The plan parallels the fund's 10-year forecast of 6.5 percent annual growth. (The discrepancy between the 6.5 percent target and 5 percent draw is to insulate the fund from the effects of inflation.)

But investment markets are volatile: Even if there's a decades-long upward trend, there can be ups and downs over the course of weeks, months or years. In the market crash a decade ago, the fund fell $9 billion in two-and-a-half months.

"If you have a year where the draw's 5.25 percent, and you lose 20 percent of the fund like you did in 2007, you've now taken out a bunch of money and you've lost a bunch of money," said Rodell.

That's a problem because of the way the fund is managed: The Alaska Constitution only gives lawmakers access to its investment earnings, not its principal. If the fund's investments experience a prolonged downturn, or merely slower-than-expected growth, its earnings account could run out.

Bridgewater examined possible effects of the plan on roughly $20 billion in the fund that it describes as "economic surplus." That includes $13 billion in investment earnings available to the Legislature, plus another $7 billion in investment gains on the fund's principal that could also be converted into cash.

To avoid losing all $20 billion at the end of 10 years, the fund needs to make an average of 3.3 percent a year, Bridgewater says, and there's a roughly one-in-five chance that doesn't happen.

While the plan calls for spending a projected $31.5 billion over that time frame, the fund falls at least $6 billion short in 20 percent of the cases modeled by Bridgewater.

There's a 30 percent chance, meanwhile, that the fund fails to hit a 4.5 percent benchmark, which over 10 years would use up the $13 billion that was in the investment earnings account at the time the analysis was done.

Only in half the cases did the fund make the 6.3 percent-a-year it needs to maintain, or grow, its surplus earnings while making planned payments and accounting for inflation, according to Bridgewater's analysis.

What's the lesson from the analysis? It's not that the Legislature should keep from touching the fund entirely, according to Rodell.

"That's not the issue," Rodell said. "The issue is to do it in a thoughtful, agreed-upon manner and to take care of the fund and the corporation."

Constitutional amendment?

One option for addressing the risks raised by the stress test is, simply, taking less money out of the Permanent Fund each year. Walker, in an interview earlier this month, said he's comfortable drawing roughly 5 percent annually, though he added that "if there needs to be an adjustment, I'm pretty conservative when it comes to that."

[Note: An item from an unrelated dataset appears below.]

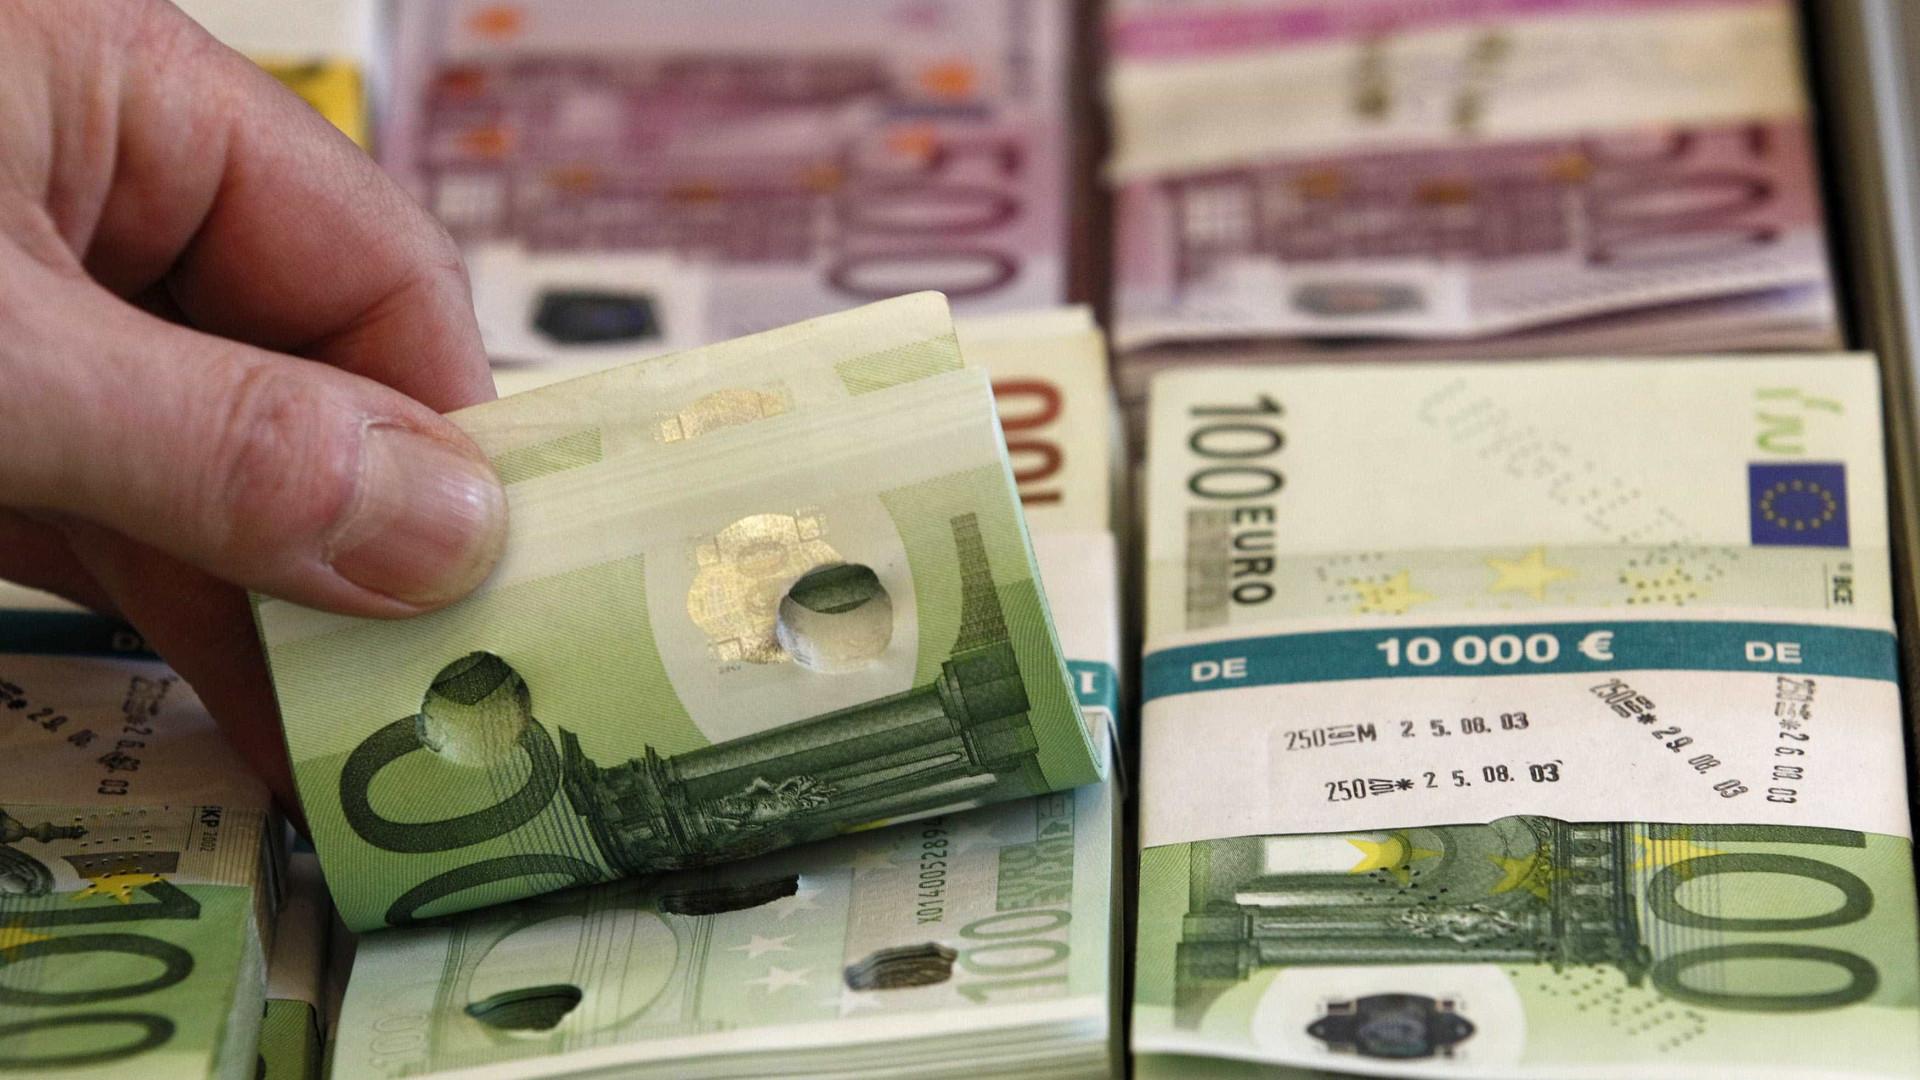 Madeira financia adaptação das empresas às novas regras de segurança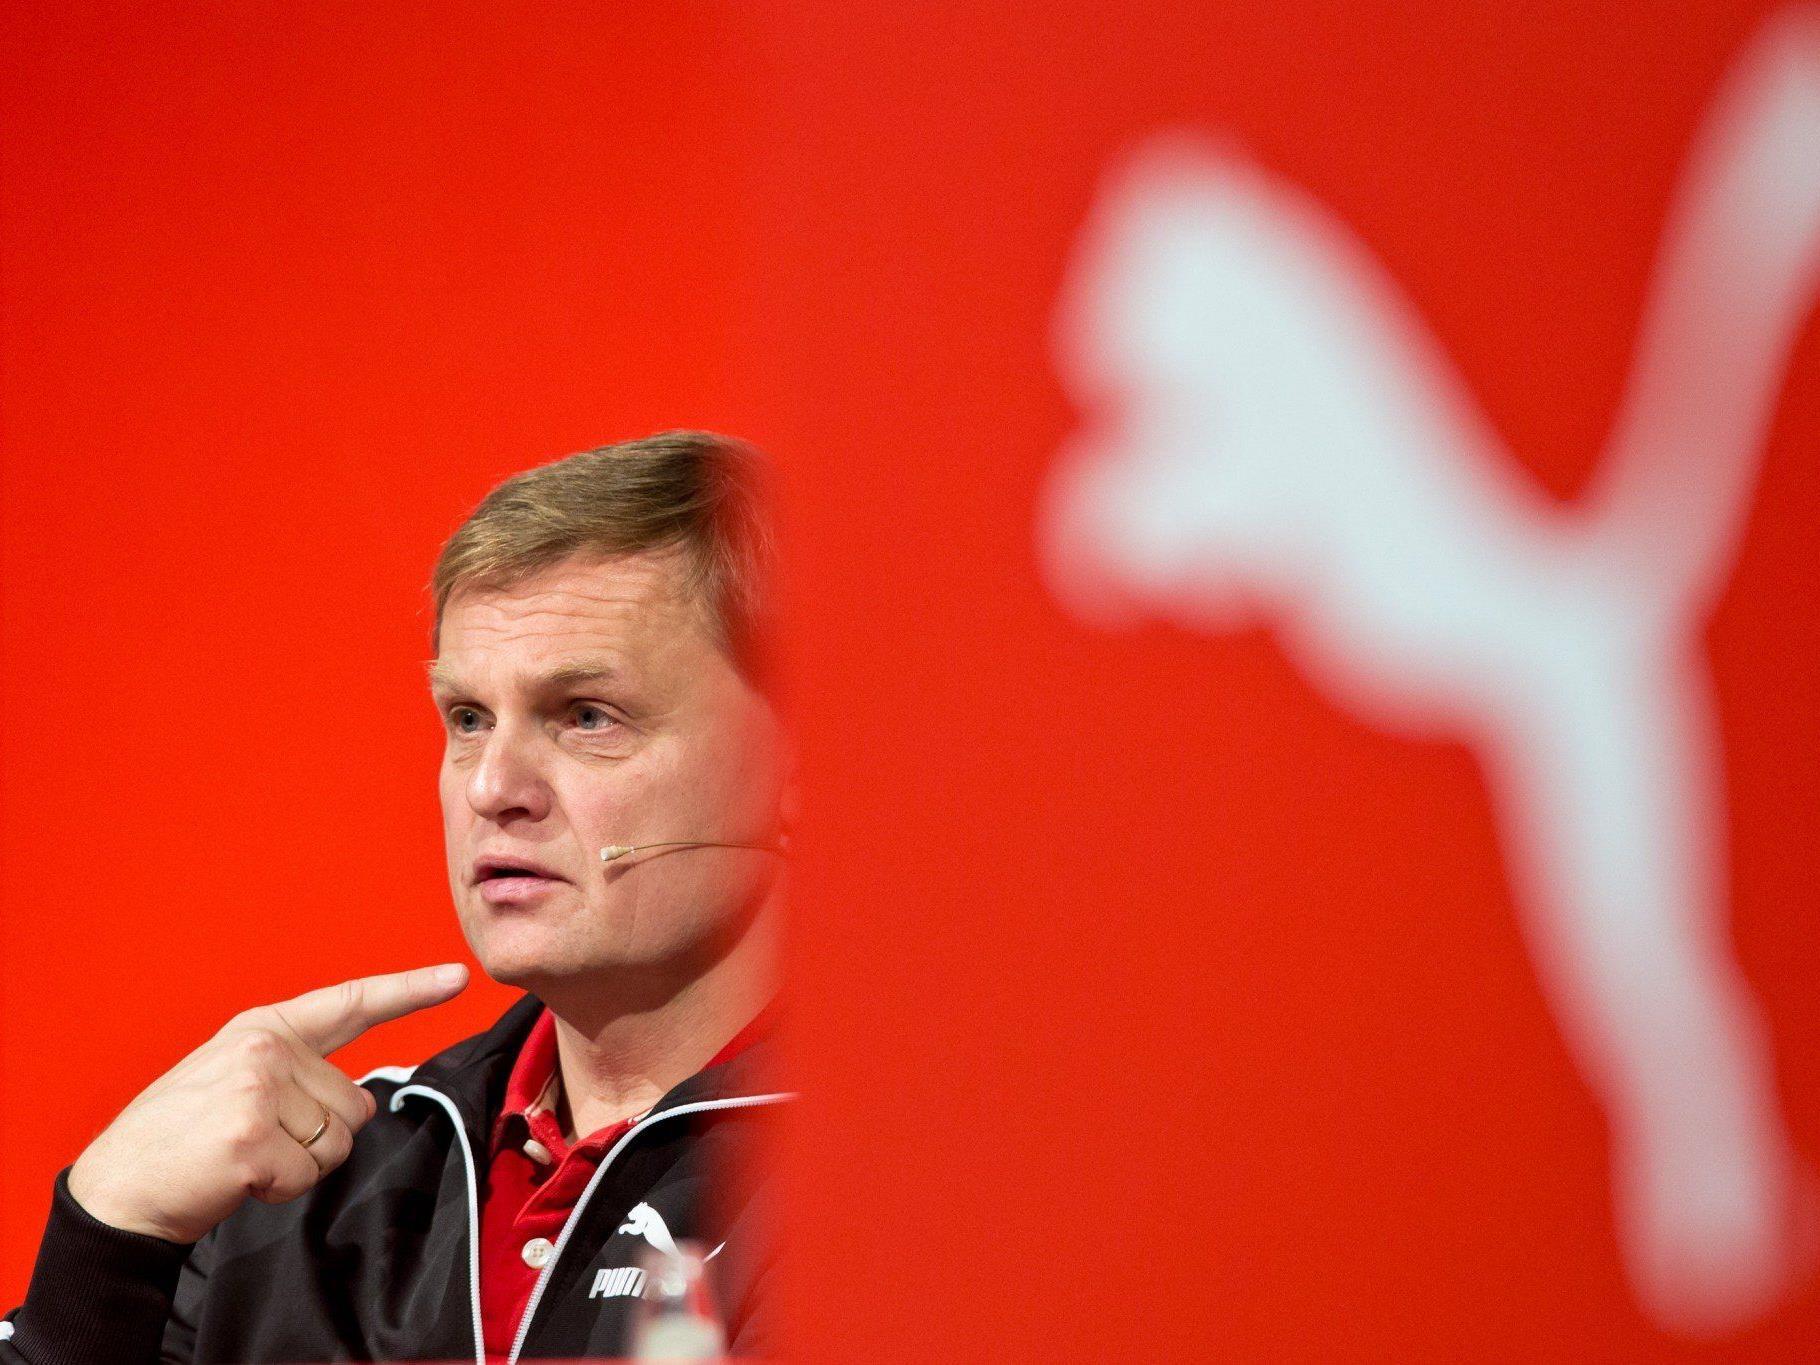 Vorstandsvorsitzender Björn Gulden präsentiert Quartalszahlen des Unternehmens.

"The goal is to make sure that we don't over-rely on the earnings and always assume it's going to be an up year," he said. "You look at 2008, we lost billions of dollars in the stock market."

Another option is to eliminate the fund's accounting distinctions set out in the Alaska Constitution, which would allow lawmakers to access all $65 billion in the fund instead of restricting them to investment earnings.

Sitka Republican Sen. Bert Stedman (Nathaniel Herz / ADN)

Sitka Republican Sen. Bert Stedman has proposed a constitutional amendment to do that, paired with a conservative management plan that caps annual withdrawals at 4.5 percent — lower than the plans currently under consideration in the House and Senate.

Lawmakers should be setting Permanent Fund policy based on best practices, not based on the demands of the state budget, Stedman said in an interview.

"Is the Permanent Fund a milk cow? Or is it an asset for future generations that can help with the problem?" Stedman said. "The current financial condition of the state is irrelevant."